# Help needed in determining the right CNC Soultiion



## Raven13 (Jan 8, 2015)

Hi all,

Brand new to this forum and CNC routing. I have been researching about CNC machines for some time and plan to purchase one, once I figure out the right make and model to go with. A number of factors go in to my decision that your comments and suggestions will be appreciated. I am interested in a desktop sized unit that I can grow with over time. I have a wood working shop that houses many tools so space is a constraint for me. I have looked at serveral types and reconize that some can operate from a USB connection and others require the computer to be directly connected. Dust and storage of a computer will need to be addressed.

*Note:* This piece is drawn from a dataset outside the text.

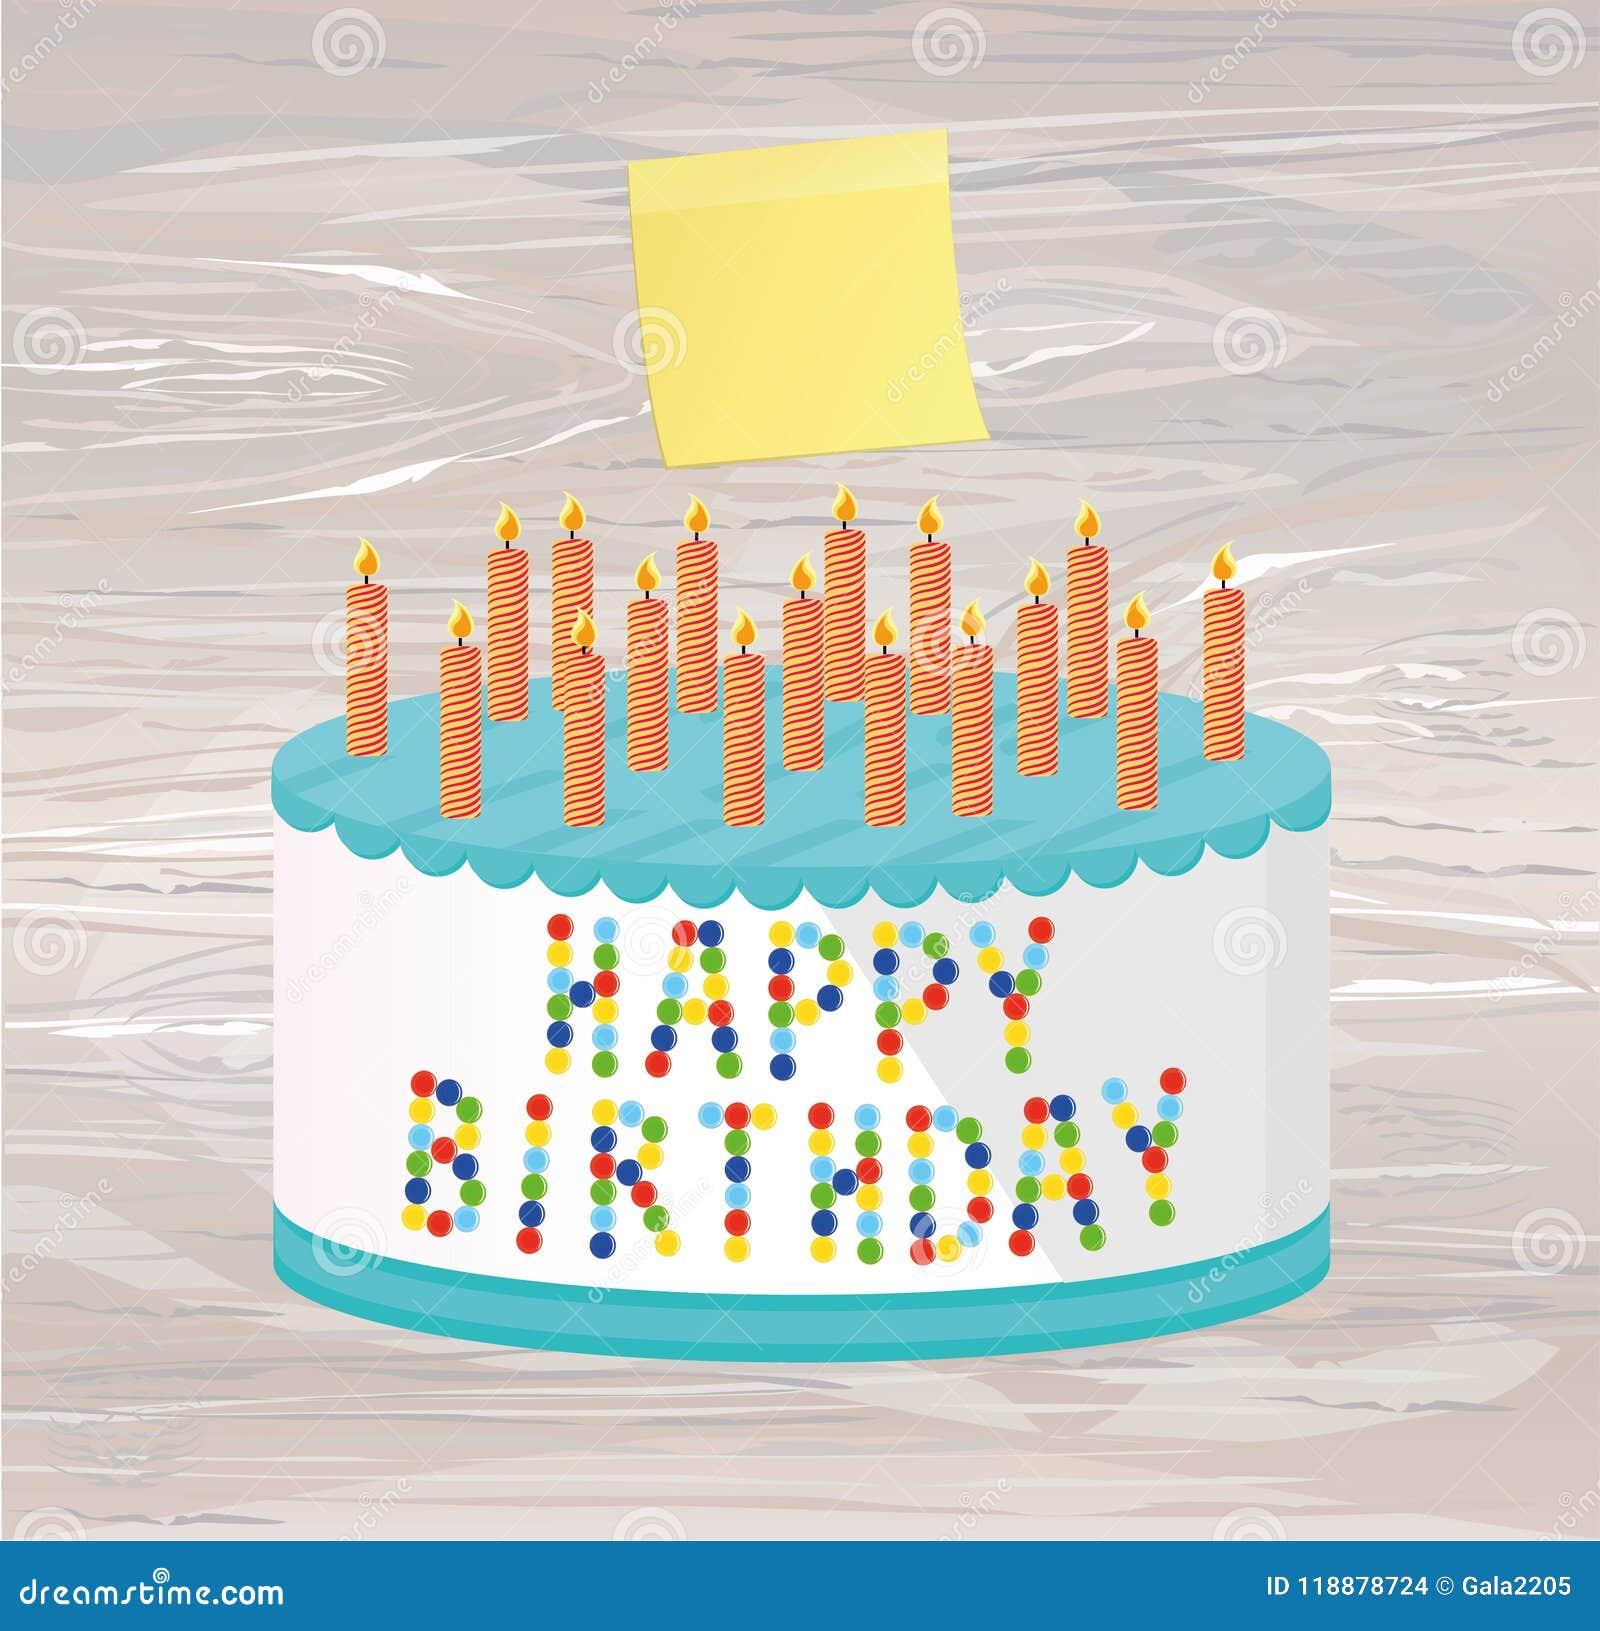 Festive Big Cake Happy Birthday Empty Yellow Sheet Of Paper F

Some include the software like V-pro carve and Aspire others have their own version of software or no software at all. I find the cost of the software can be easily in the $2-3K frame work unless you find something other than the two I mentioned. I have seen many reviews that buyers are not pleased with the Shark Pro and for the 4K investment would have done something different. I like the Shopbot desktop but I am looking at twice the cost. I know in the end quality, support and ease of use will push me to the right soultion, hoping you folks can give me some more alternatives consider before I make the leap.
thanks much, Jeff


----------



## bgriggs (Nov 26, 2008)

Jeff, 

Welcome to the forum. There are a lot of choices you need to make before selecting a CNC router table. One of the biggest choices is what your budget is. next is the size table you hope to get and last is the software you plan to run. The software can be as expensive as the machine itself, but you get what you pay for.

I wrote an article about low cost CNC router tables recently. I also feel that there is a need for an article on mid-range choices as well. If you would like to check out the article I will include a link below.

I would be glad to help answer your questions if you need more help.

Inexpensive CNC router tables that won't break the budget. -

Bill


----------



## 4DThinker (Feb 16, 2014)

I started with a CNC Shark and although it serves me well to this day I've also added a 25"x49" capacity Probotix Fireball Meteor to my shop and am very satisfied with it. It also cost less for what it came with than my a new Shark does yet has twice the capacity. The Comet/Asteroid/Meteor line from Probotix also have the advantage of an open frame design. This means if you leave an open area underneath the table you put it on you can clamp boards vertical or even at any angle under the cutting plane for some otherwise impossible cuts. Any design using a center feed and gantry structure under the cutting bed will be limited to face cuts unless the bit travels past the edge of the cutting bed. 

I can cut anything conventional up to 24" x 48", and also finger joints or dovetail or tenons on the ends of boards standing up to 40" long. 90 degree cuts are easy. Cuts at any other angle are only a little harder. I just finished a 5 sided box with half blind mitered dovetails in a morse code pattern that spell out the customers name. All these dovetails were cut on an angle rig I mount inside the frame of my Meteor.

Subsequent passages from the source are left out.